2021-06-14T15:04:10.521Z INFO rest/dequeue_nodes.go:577 key: admin/default-tkgm-workload-lb--default-nginx-svc, msg: creating/updating VirtualService cache, method: POST
2021-06-14T15:04:10.521Z INFO rest/avi_obj_vs.go:374 key:admin/default-tkgm-workload-lb--default-nginx-svc, msg: Service Metadata: {"namespace_ingress_name":null,"ingress_name":"","namespace":"","hostnames":null,"namespace_svc_name":["default/nginx-svc"],"crd_status":{"type":"","value":"","status":""},"pool_ratio":0,"passthrough_parent_ref":"","passthrough_child_ref":"","gateway":""}
2021-06-14T15:04:10.521Z INFO rest/avi_obj_vs.go:396 key: admin/default-tkgm-workload-lb--default-nginx-svc, msg: updated vsvip to the cache: 10.35.13.192
2021-06-14T15:04:10.521Z WARN status/svc_status.go:37 Service hostname not found for service [default/nginx-svc] status update
2021-06-14T15:04:10.536Z INFO status/svc_status.go:83 key: admin/default-tkgm-workload-lb--default-nginx-svc, msg: Successfully updated the status of serviceLB: default/nginx-svc old: [] new [{IP:10.35.13.192 Hostname:}]
.
.
.

And of course, if all has gone as expected, one should be able to observe the Service Engines being deployed in the vSphere UI, and on logging into the NSX ALB management portal, we should see the Virtual Service on appear.
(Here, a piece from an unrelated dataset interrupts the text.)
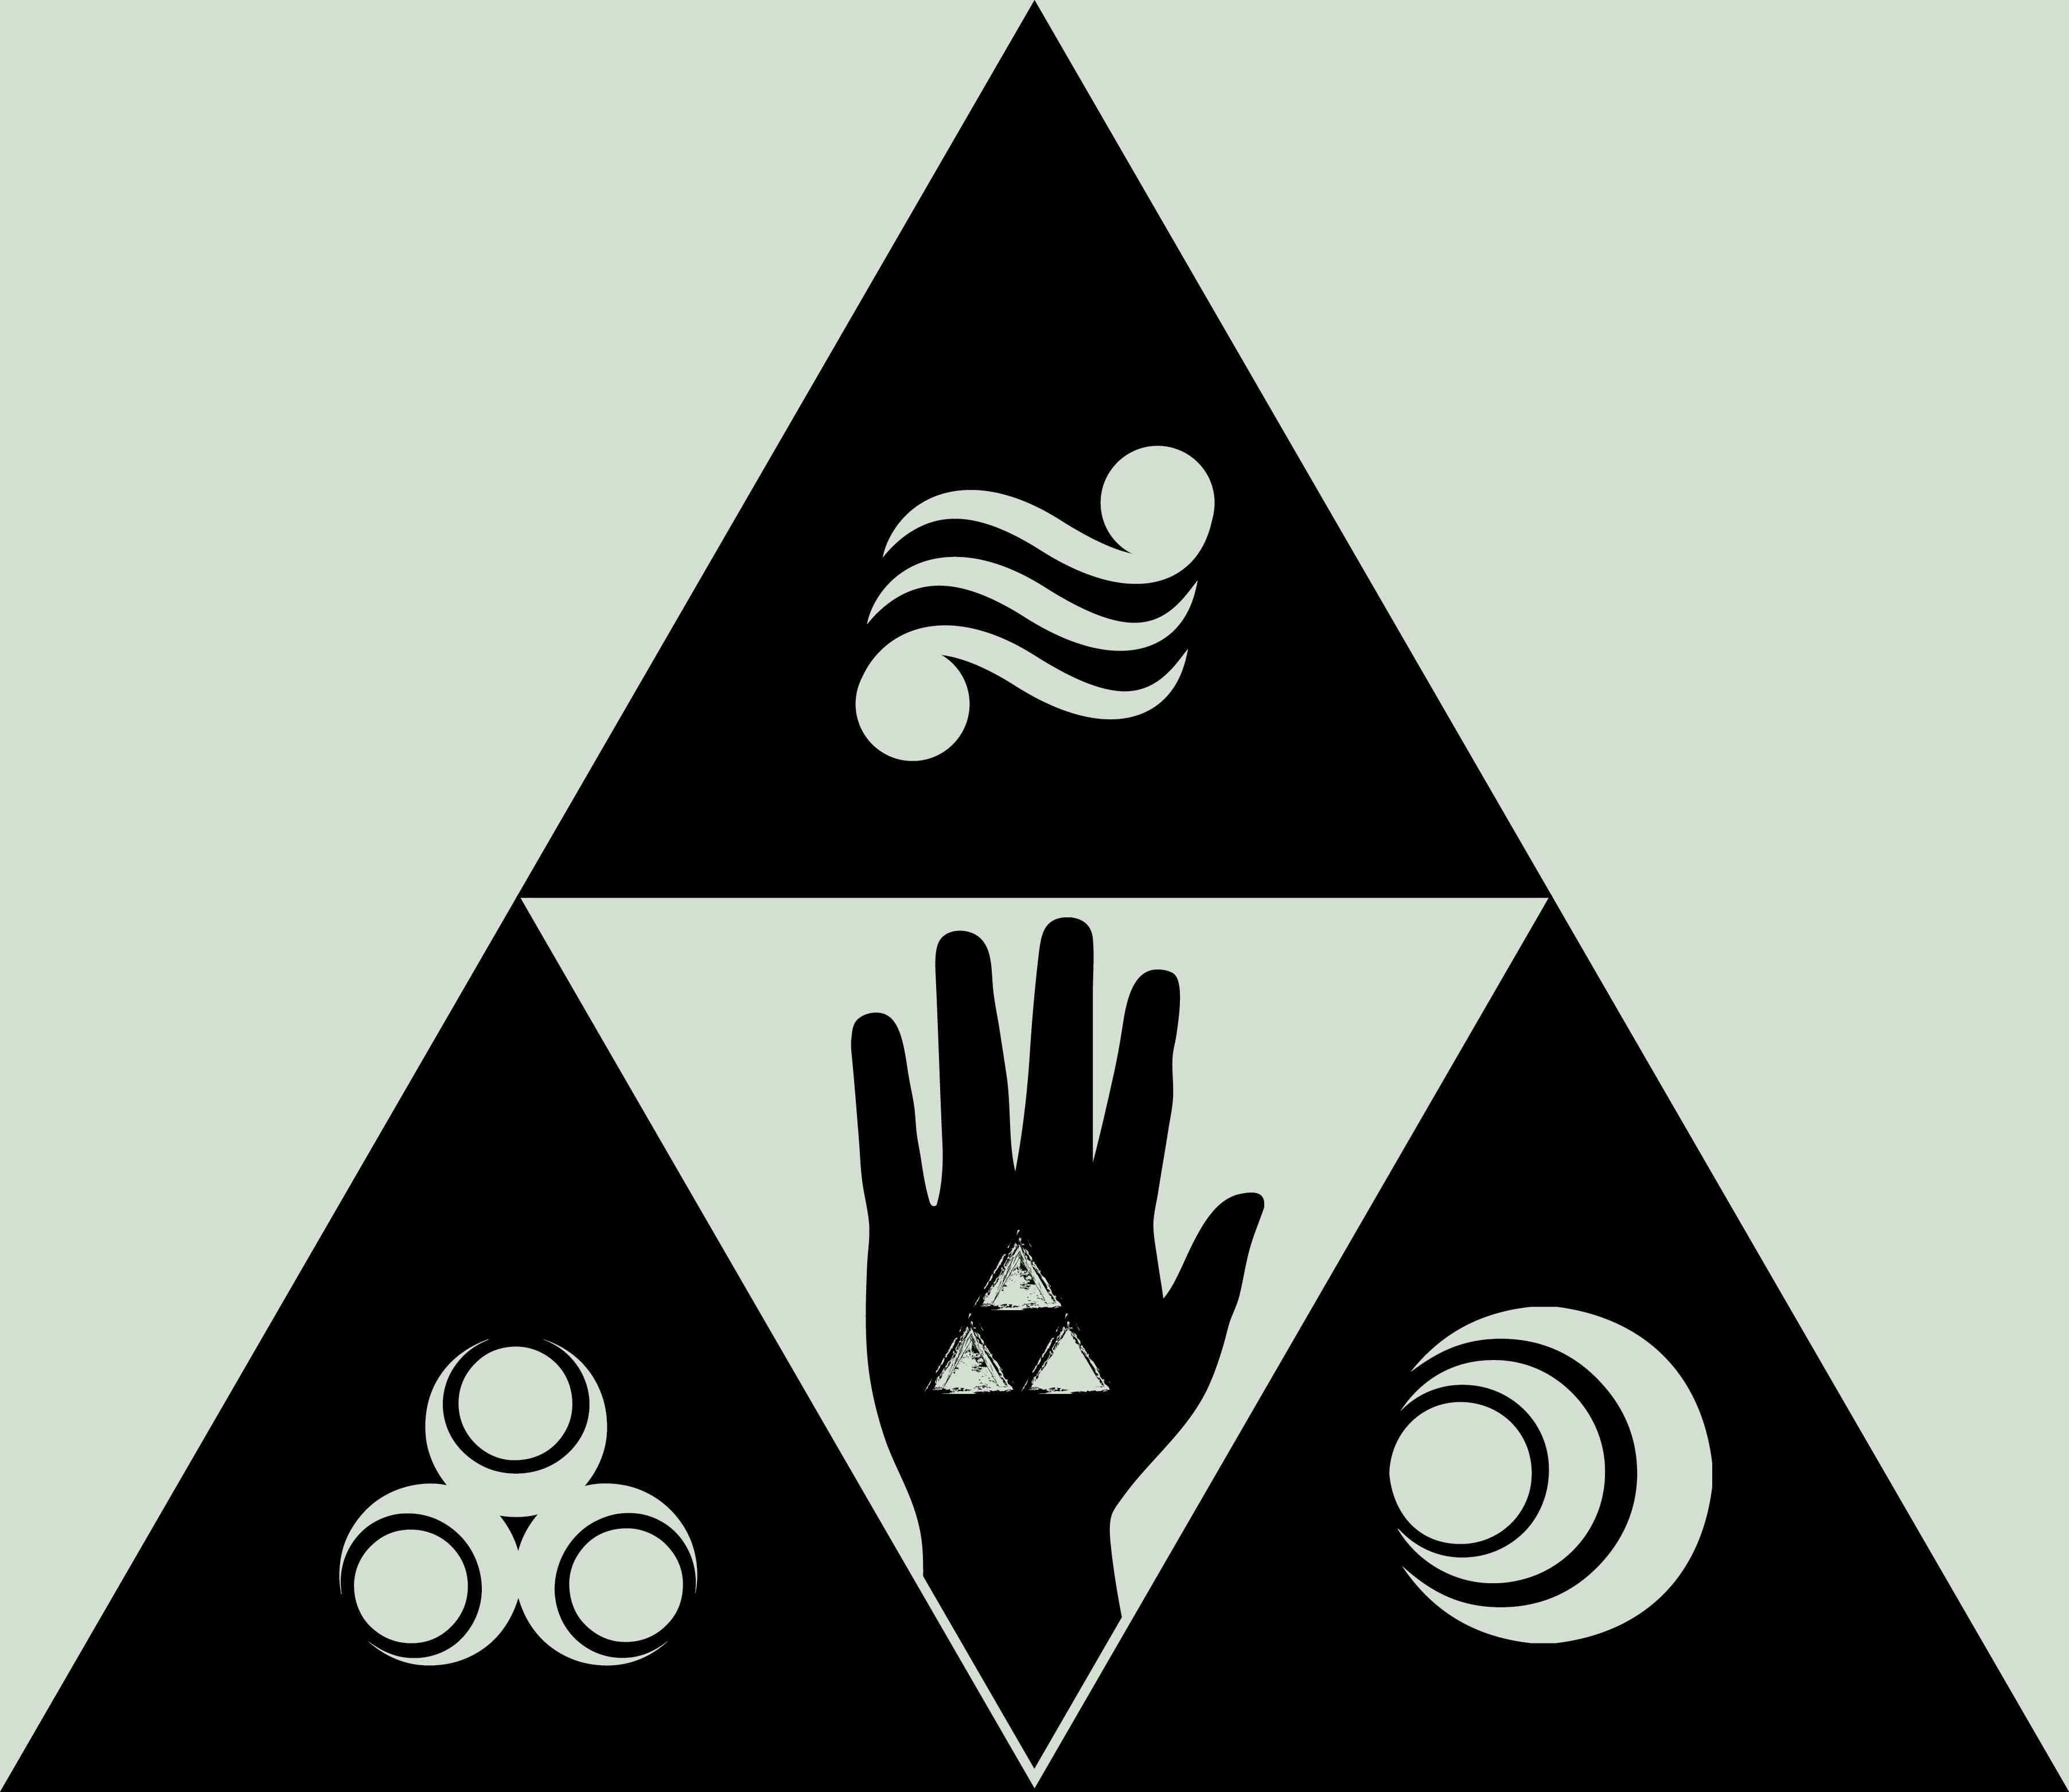 Zelda Iconography by SirNosh on DeviantArt

Here is a view taken from the Applications > Dashboard:

This is the Applications > Virtual Services view.

A really nice view is to return to Dashboard, and instead of View VS List, do a View VS Tree and click on the + sign to expand it. This shows the VS, Pool, the network and the IP addresses of the TKG nodes that are associated with the service. In this case, since it our Nginx application has 3 replicas, we see 3 different nodes displayed.

Our TKG workload cluster is now integrated with the NSX Advanced Load Balancer and it is successfully providing Virtual IP addresses (VIPs) for applications in my TKG cluster that request a Load Balancer service.